Heads have a weight capacity just like the tripods do. If you put a heavier camera on one than it's designed for, you may find it sags or won't stay in position. You shouldn't overpay for a big head you don't need, because it'll cost you money and weight. But if you get one too small, you'll end up frustrated trying to make things work reliably.


A question with heads is "quick release or not?" -- there are a number of quick release options available where you attach a plate to your cameras and it allows you to attach and detach the camera swiftly. You want a quick release system, bceause screwing your camera onto tripods and taking it back off again gets old quickly. Which one depends on which head you want to buy. There are a few standardized setups for quick releases, the one most pros seem to use is the "arca-swiss", but it can also be pricey. I've standardized my quick release on the manfrotto RC2 plate, and it works pretty well; it's not as rigid as the arca-swiss mount but it gets the job done pretty well. I've only found a couple of situations (like my 12x100 astronomical binoculars) where the weight creates problems (those binoculars are huge and tend to be aimed at awkward angles). One reason I like the RC2 -- it has a switch that lets you lock the quick release in place. there's nothing quite like having your quick release release at the wrong time...


A good starting point for ballheads would be something like the Manfrotto 495 ($85). it's a solid basic unit. My primary head today is the Mnanfrotto 498 ($130), one step up from that. It's solid and reliable. I do plan on upgrading it (to a ballhead from Really Right Stuff with an arca-swiss mount) at some point, but that's a fairly major financial investment.


My current tripod is a slik 3 piece carbon fiber with the manfrotto 498. It's only major flaw is that I get a fair amount of vibration in windy situations because I have to raise the center column to get to eye level. Weighting the center column helps, but moving to a beefier tripod is the long term change at some point (on the other hand, switching to a higher end carbon fiber tripod and the RRS ballhead is much closer to $1000 than $100. It's an investment purchase).
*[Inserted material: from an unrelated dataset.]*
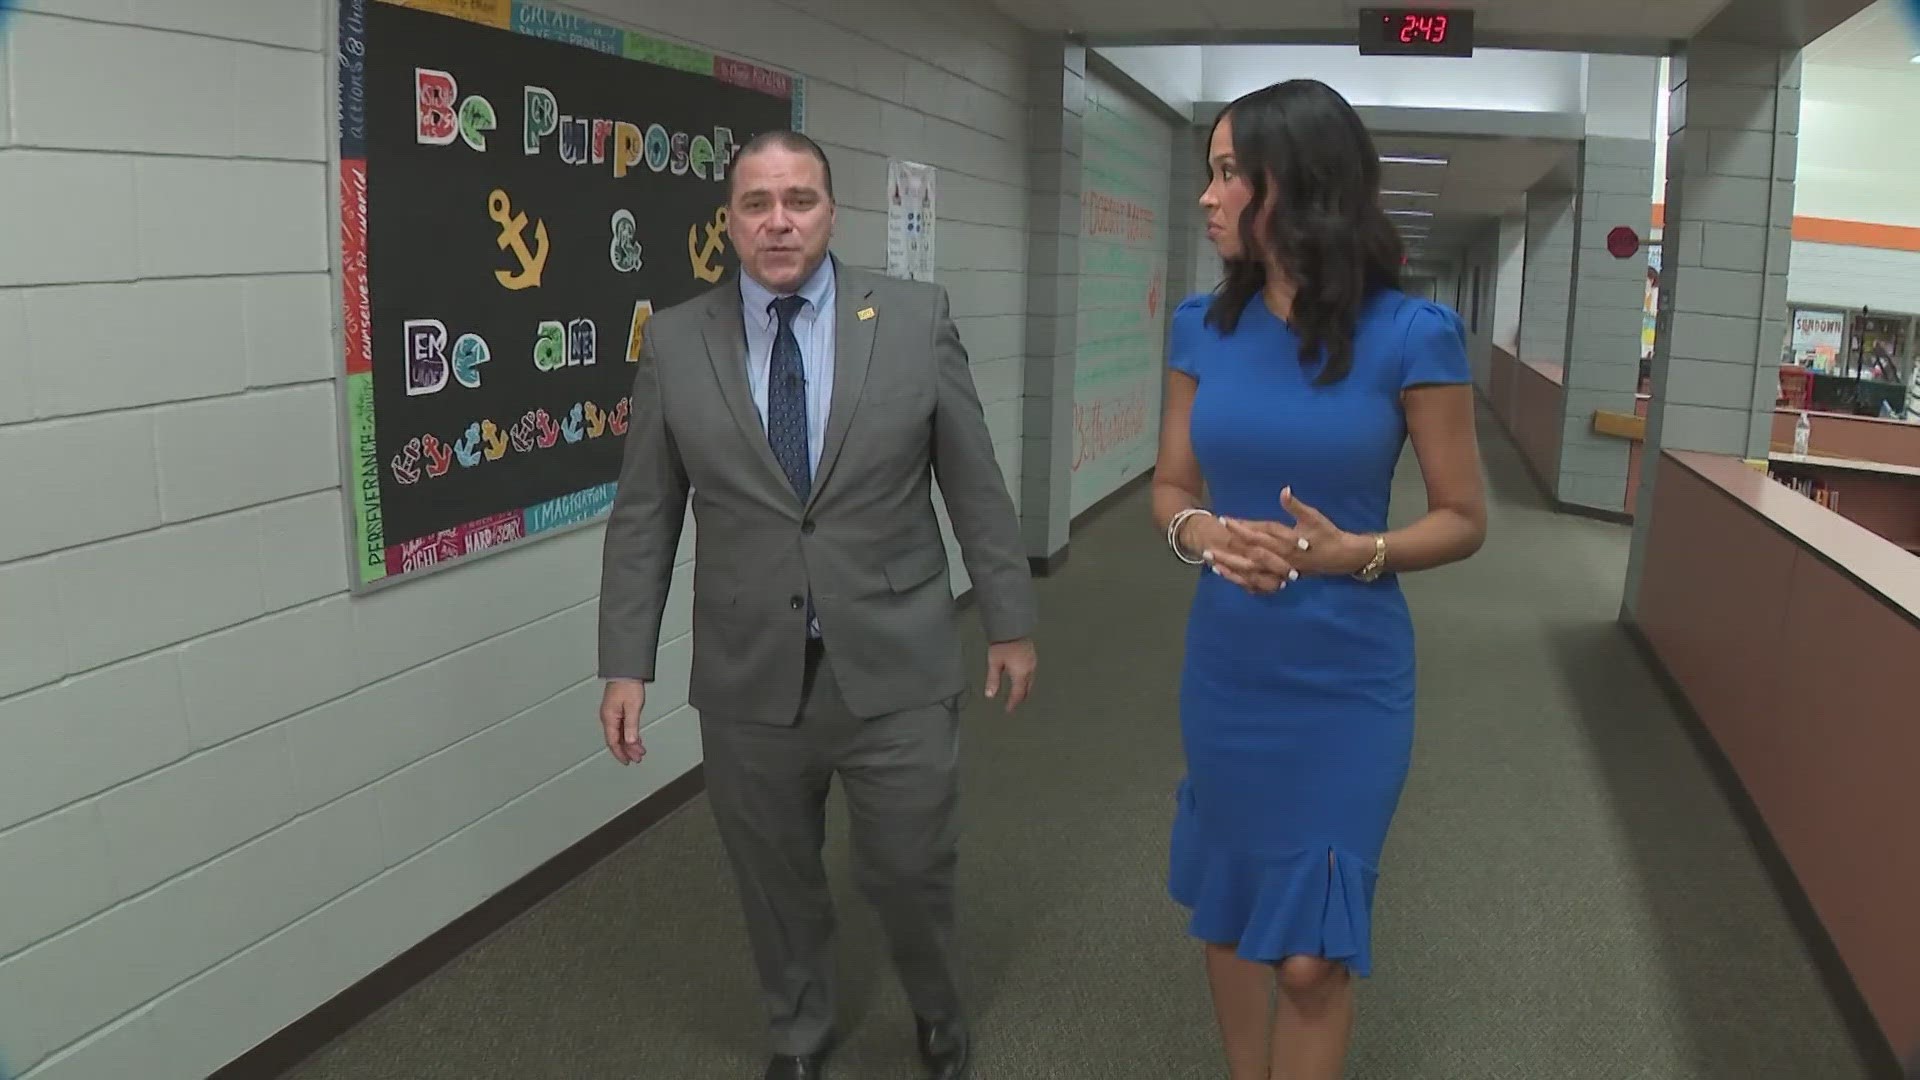 It's a new school year for Katy ISD, and their superintendent Dr. Ken Gregorski talked to KHOU 11 about what to expect.

my first tripod was a slik aluminum tripod with a manfrotto pan head. It was a good, solid starter tripod and I still carry it and use it for my spotting scope or if I need to have two cameras on tripods at the same time. It is (amusingly enough) more rigid than my 2nd tripod -- but a lot heavier. So it lives in the trunk. It would make a good starter unit for any photographer taking this step and the equivalent current products are listed above (the only items I listed I don't own are the induro tripod legs, but I've talked to enough photographers swearing by them and the really right stuff heads that I trust recommending them and they're the units I'm planning on purchasing next)


Don't overspend to start, because you don't need to. Don't underspend because you'll get something that you'll have to fight to do what you want. And remember that since the tripod and the head are separate, you can mix and match -- and you can upgrade each piece separately as you find out what you need and want.